2. HFCS is 60% fructose, sugar is 50% fructose. Does that 10% increase make a difference? Yes. But it's miniscule. If you replace all HFCS with sugar, you lower your fructose intake only a tiny bit.
Also appeal to nature is stupid. It's just dumb and nobody cares about that.
1. If most UP foods are hyper-palatable and this is the problem (not for instance, the fact that most have very high glycemic indexes, among other things), then it's fair to use UP as a proxy. It's fair to say that, when addressing obesity, it's better to avoid UP foods as they are too palatable for our archaic body.
Besides the study doesn't studies obesity (it is a control), but depression, which isn't linked to food being palatable or not.
2. Sugar is itself a highly processed food. HFCS contains more fructose, which saturates faster the intestine's absorption capacity.
Sugar is mostly derived from beetroot and sugar cane. Of course you can get diabetes from fruits or sugar beets alone, that said it's much harder than from eating UP foods.
What you say is nonsense because by this definition pretty much everything we eat since MULITPLE millennia is ultra processed.
Since we started agriculture in the fertile crescent, we have been making stuff like beer and flour-based bread which are based on processing of various cereals.
Depending on the variable, the glycemic index isn't that good. And yes, it is pretty easy to overeat bread, as long as you have something decent to use with (it can be as simple as dipping it in olive oil).
Your opinion is just hysteria indeed, and it is just that. There is absolutely no logical explanation/evidence that all the problems linked to food come from "ultra-processing" instead of just good old regular abuse and mis-use.
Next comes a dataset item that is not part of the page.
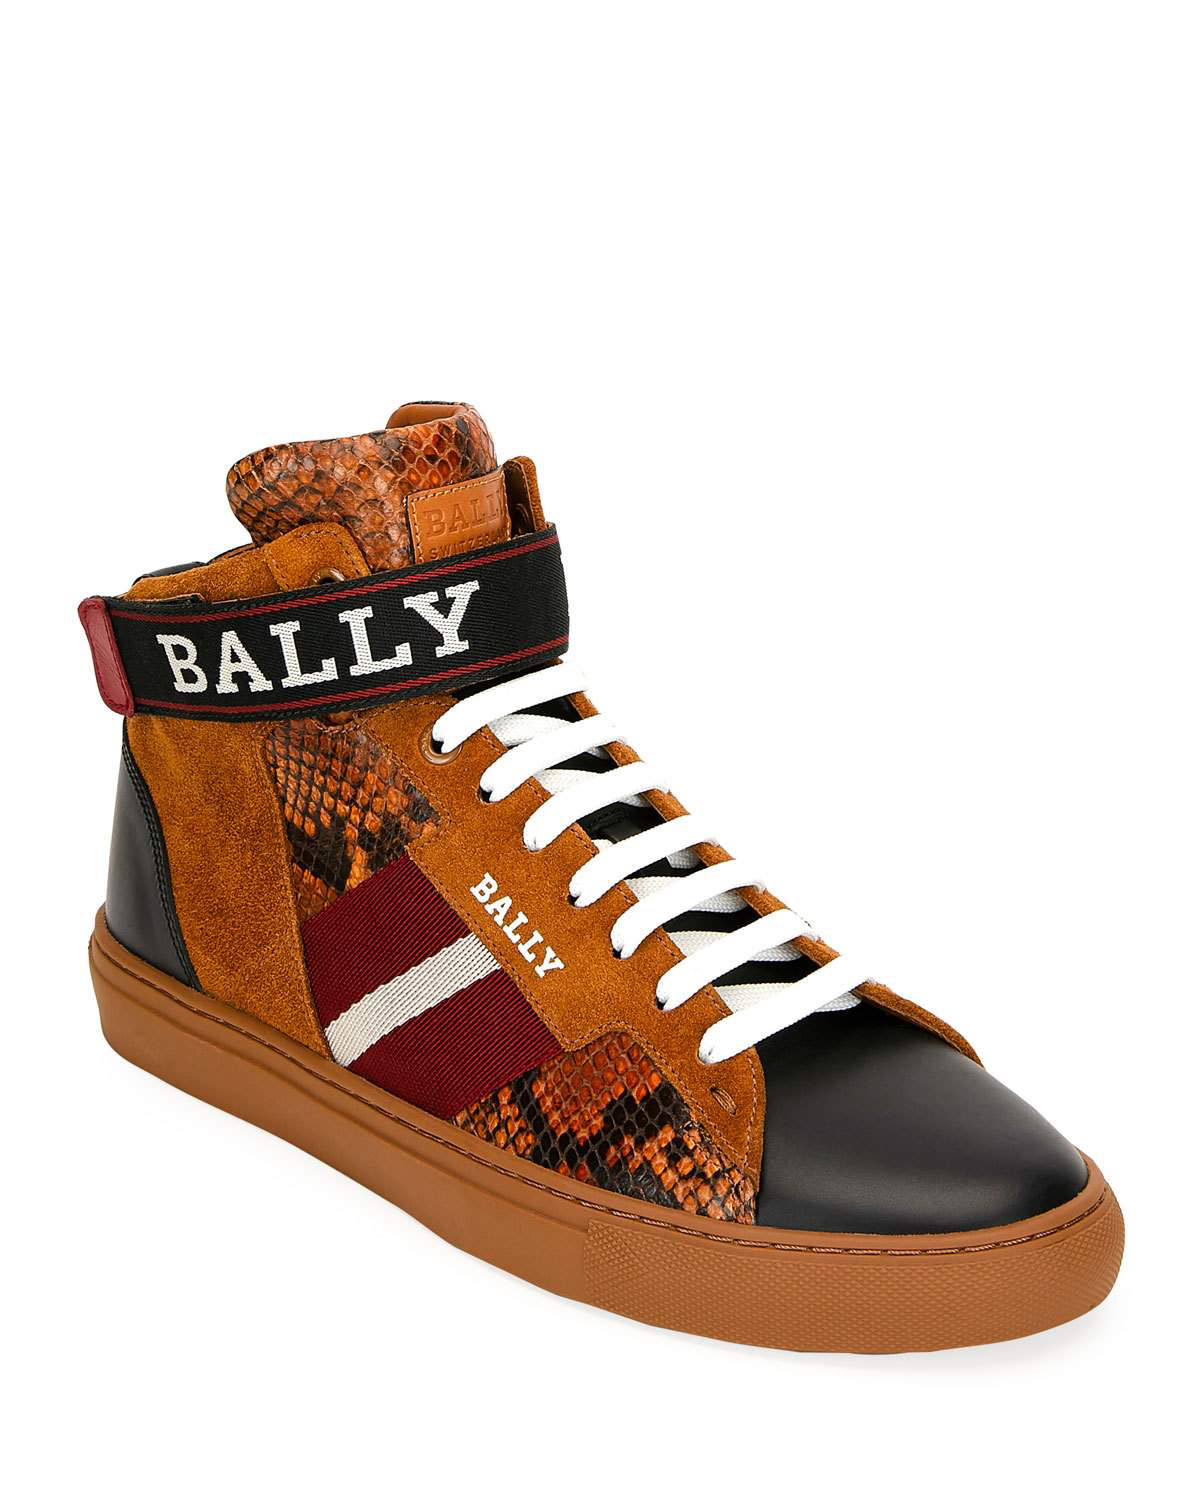 bally shoes neiman marcus

In all the studies you talk about, if you were to correct for exercice/activity and lifestyle you would find a nothing burger (sometimes just living in a poorer neighborhood will give worse outcome, because of the water quality).
The problem is mostly abundance, which is very often something other species also have to deal with. If you leave a pony/donkey in an area with lots of young sugary grass and don't make him work for it, he will overeat until he is so fat that it becomes a problem for his health. But I guess the grass is too "ultra-processed" or something...
1. Ultra-processed foods contain a lot of hyper-palatable foods. You have to understand that UP foods is an absurdly broad category.
When you measure the harm of UP foods, you're not measure the harm of UP foods - you're measuring the harm of hyper-palatable foods, because naturally those are the foods people gravitate towards. Because they taste good and are easy to eat and overeat.
You also have to understand that UP foods are associated with poorer people, which get significantly worse medical care and just have overall worse lives. What you could be measuring is that poor people are more depressed - which, yeah duh.
The key problem here is that nutritional studies are almost always observation, NOT double-blind. Because following people for decades in a double-blind study where you control their diet is very, very, very hard and expensive.
If you just replaced all the UP food with burgers and fried chicken, would those people be better off? No. So you shouldn't be so confident you're measuring what you think you're measuring.
2. All sugar is bad, period. It's not HFCS that's causing liver disease, it's sugar in the absence of fiber. We know sugar causes liver disease.
If we want to decrease this, we must lean into Aspartame and other artificial sweeteners. They are better than sugar, period. Straight up, Aspartame is healthier than any sugar, including table sugar you put in your morning coffee.